Naturalmente ello no significa que descrea del azar. El azar cuenta y mucho en cualquier sistema complejo y hay pocas cosas más complejas que nuestra vida. A veces estamos en el lugar adecuado en el momento oportuno y otras tantas parece que la suerte se empeña en darnos la espalda con auténtica inquina. Esas cosas ocurren sin más explicación y el delantero centro de cualquier equipo de fútbol lo sabe: a veces el balón entra dándole de rebote hasta con el culo y otras, en cambio, parece que tiene vida propia y no hay quien acierte a gobernarlo.
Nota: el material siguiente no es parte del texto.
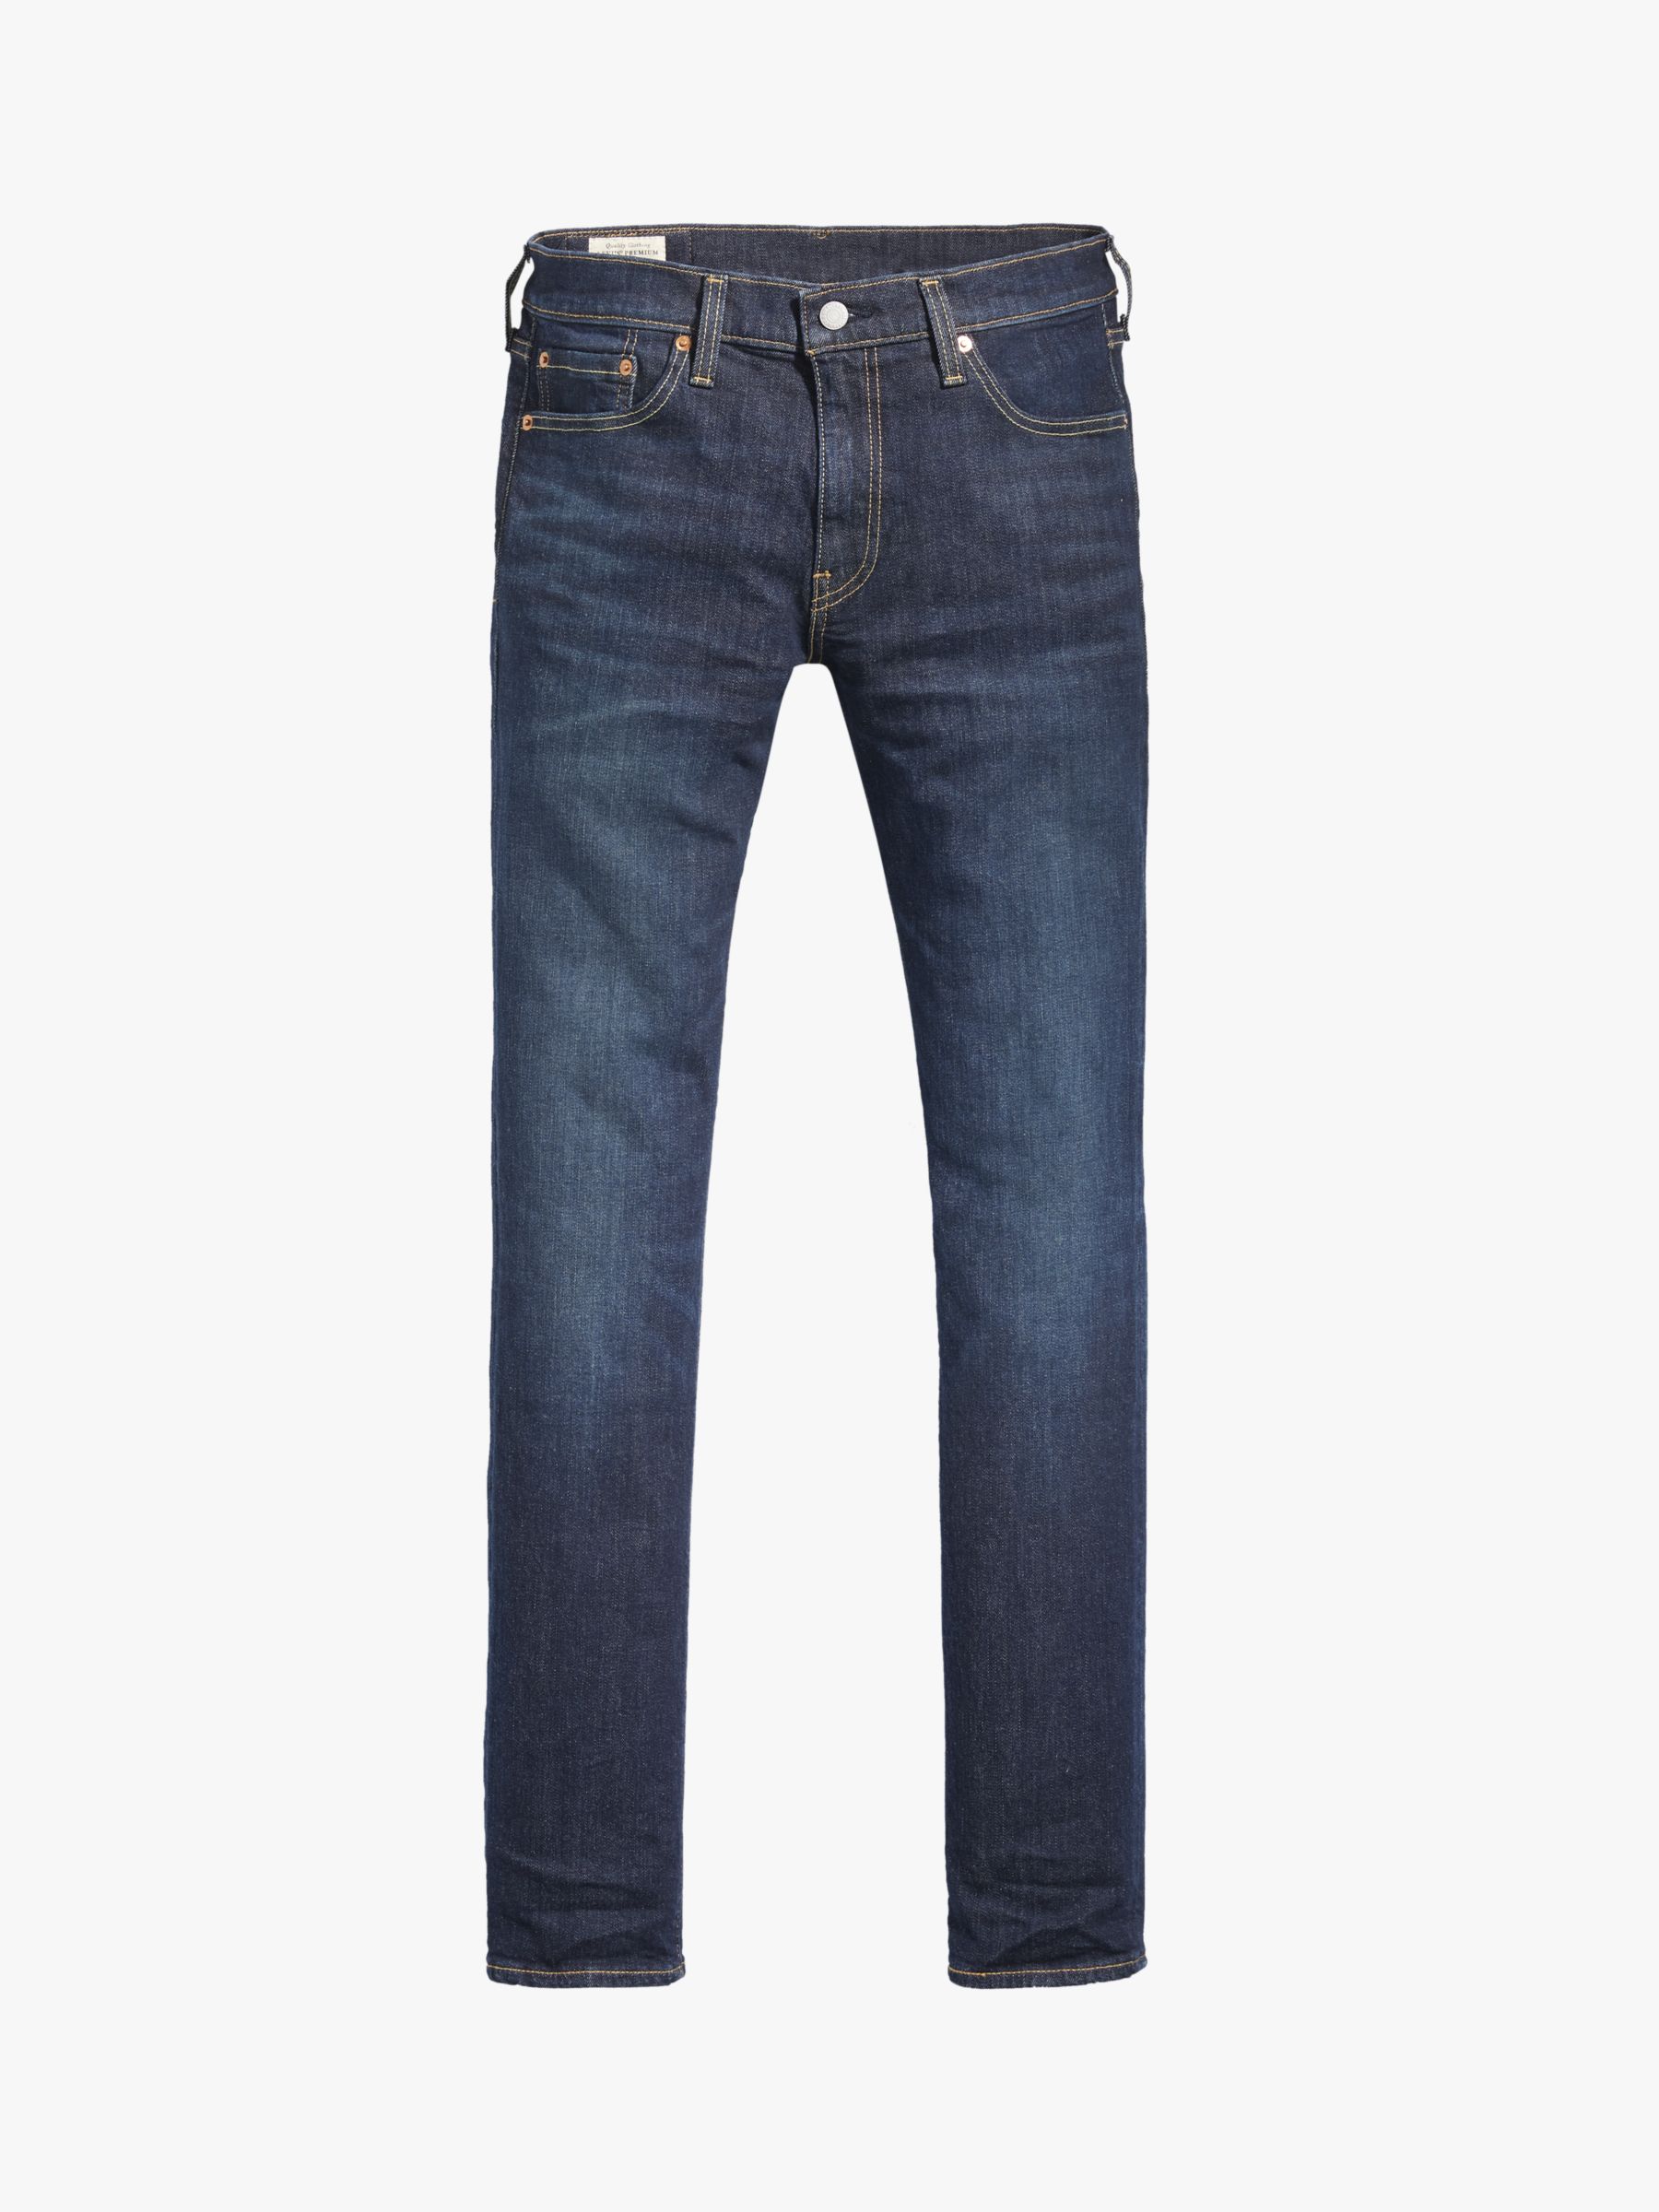 Levi's 511 Slim Fit Jeans, Biologia Adv, W30/L30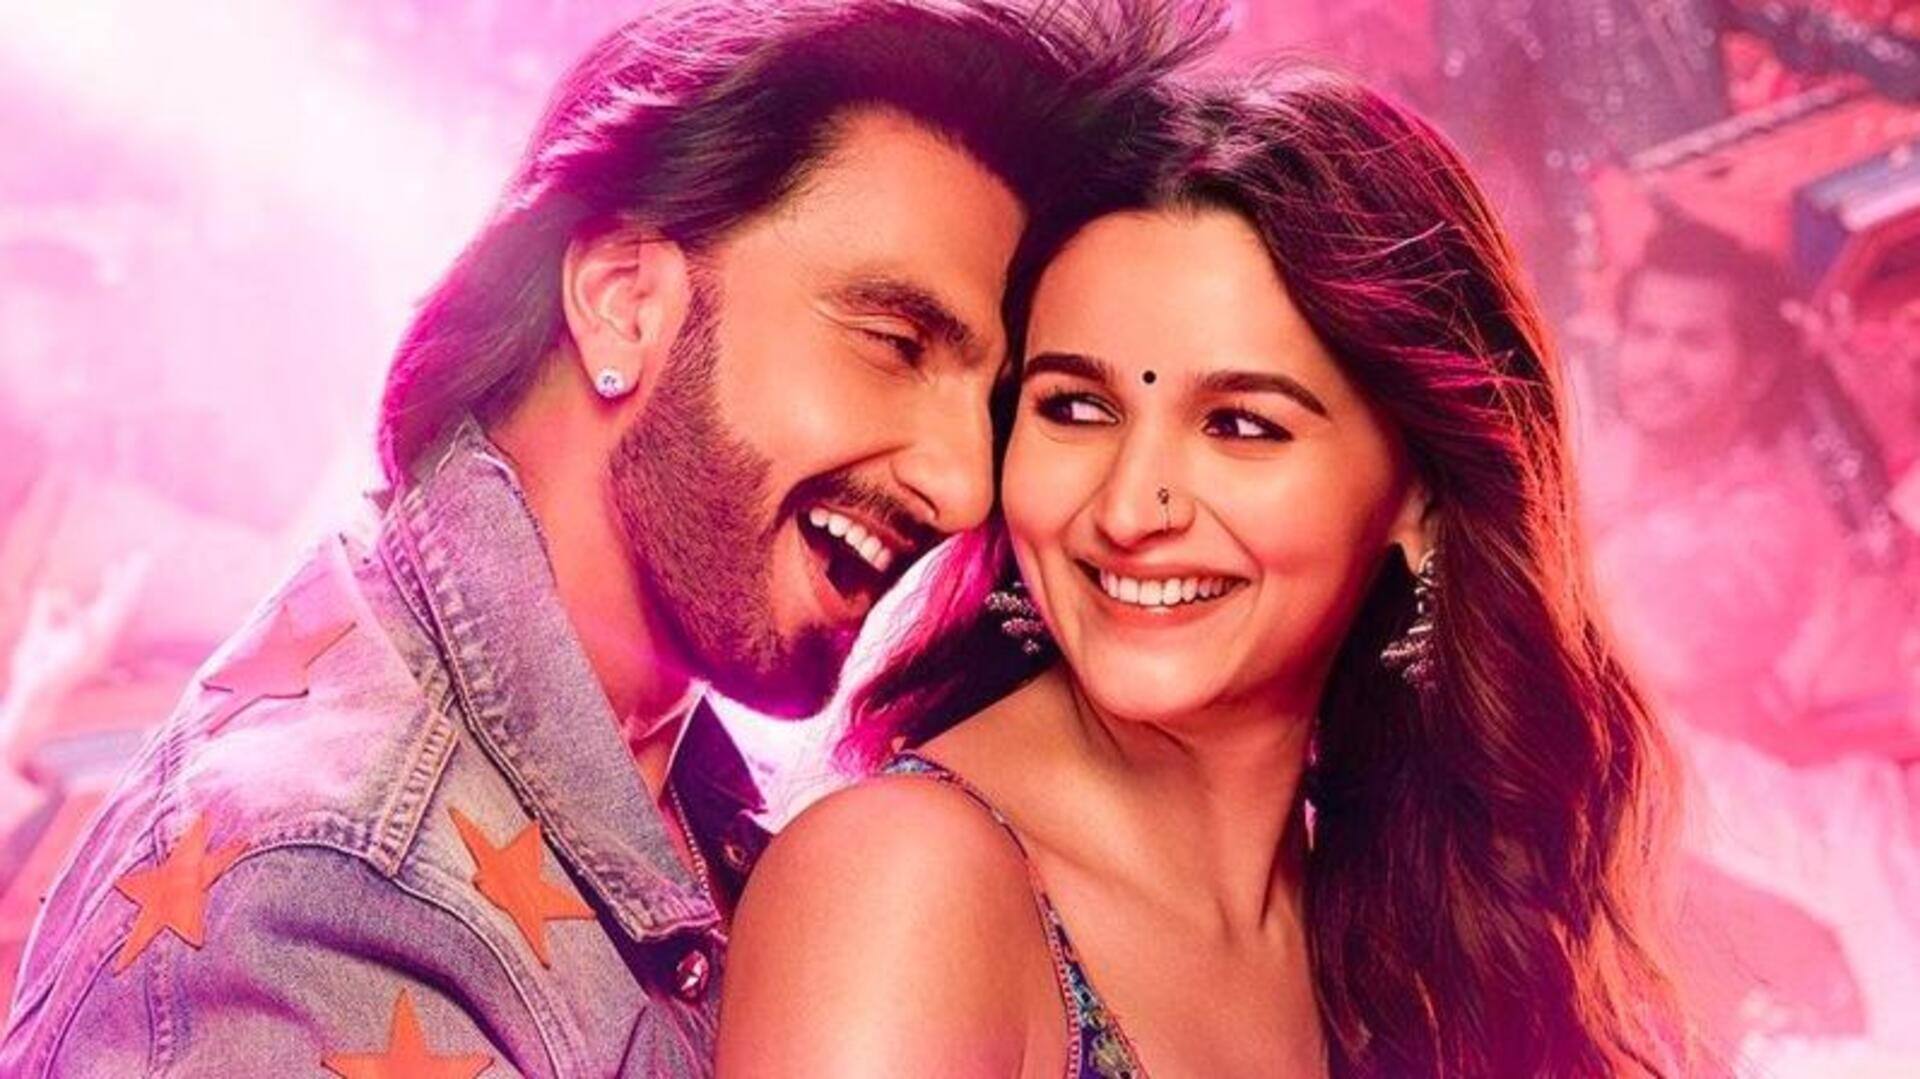 रणवीर-आलिया की फिल्म 'रॉकी और रानी की प्रेम कहानी' का टीजर इस दिन होगा रिलीज  

Racionalidad... azar... y sentimientos. Ser racional no significa que descrea de la dimensión espiritual del ser humano: la tierra gira alrededor del sol y eso nadie en sus cabales lo pone en duda, pero no es menos cierto que bajo la sugestión del amor (o de otros estupefacientes) todos los planetas parecen girar alrededor del objeto de nuestro amor. Son, sencillamente, cosas diferentes que responden a leyes distintas (aunque hasta el amor sea una respuesta genético-evolutiva descriptible en aburridos términos científicos).

La ciencia y la técnica sirven para construir puentes, automóviles, antihistamínicos, televisiones, catéteres para las operaciones de cirugía cardiaca y otros cuantos millones de cosas que han hecho nuestra vida mejor. El problema -si es que lo hay- es que, bajo esos dos centímetros de racionalidad, no somos más que los viejos seres emocionales de siempre y, aunque nuestras condiciones (y por tanto nuestras expectativas) de vida han mejorado de forma asombrosa en los últimos dos siglos, continuamos siendo, pese a todo, bastante infelices.

Sostengo que esa propensión a la infelicidad no es congénita sino aprendida: insuflamos tanto miedo en nuestros hijos y les hacemos crecer tan faltos de una auténtica educación sentimental que acaban siendo pequeñas máquinas que disfrutan de todo y no gozan de nada. Sonrosados artefactos tristes que ansían poseer más y más cosas, van al colegio, celebran fiestas de cumpleaños en el Indiana Bill y siempre a velocidad de vértigo, van de las clases de inglés a las de patinaje y de ahí a saber qué otra cosa que se le haya ocurrido a su progenitor más inquieto (y a menudo más inquietante).

Hay una pequeño tiovivo infantil situada al final de la avenida Blondel. La familia que lo regenta se pasa horas y horas poniendo música a todo trapo, hasta el punto de que los domingos por la tarde ese carrusel, con sus luces estroboscópicas y su infernal música de cumbia y bachata es lo único que parece gozar de vida en la casi siempre aburrida ciudad de Lleida.

Subida en un pato amarillo gigante una niña chiquitina, quizás de etnia gitana, gira y gira una y otra vez en el tiovivo. Es la hija del empleado o acaso del dueño. Supongo que la utilizan como reclamo para que los niños del parque infantil de al lado animen a sus padres a gastarse unos cuantos euros en estos tiempos difíciles en los que nadie habla de otra cosa que no sea la crisis.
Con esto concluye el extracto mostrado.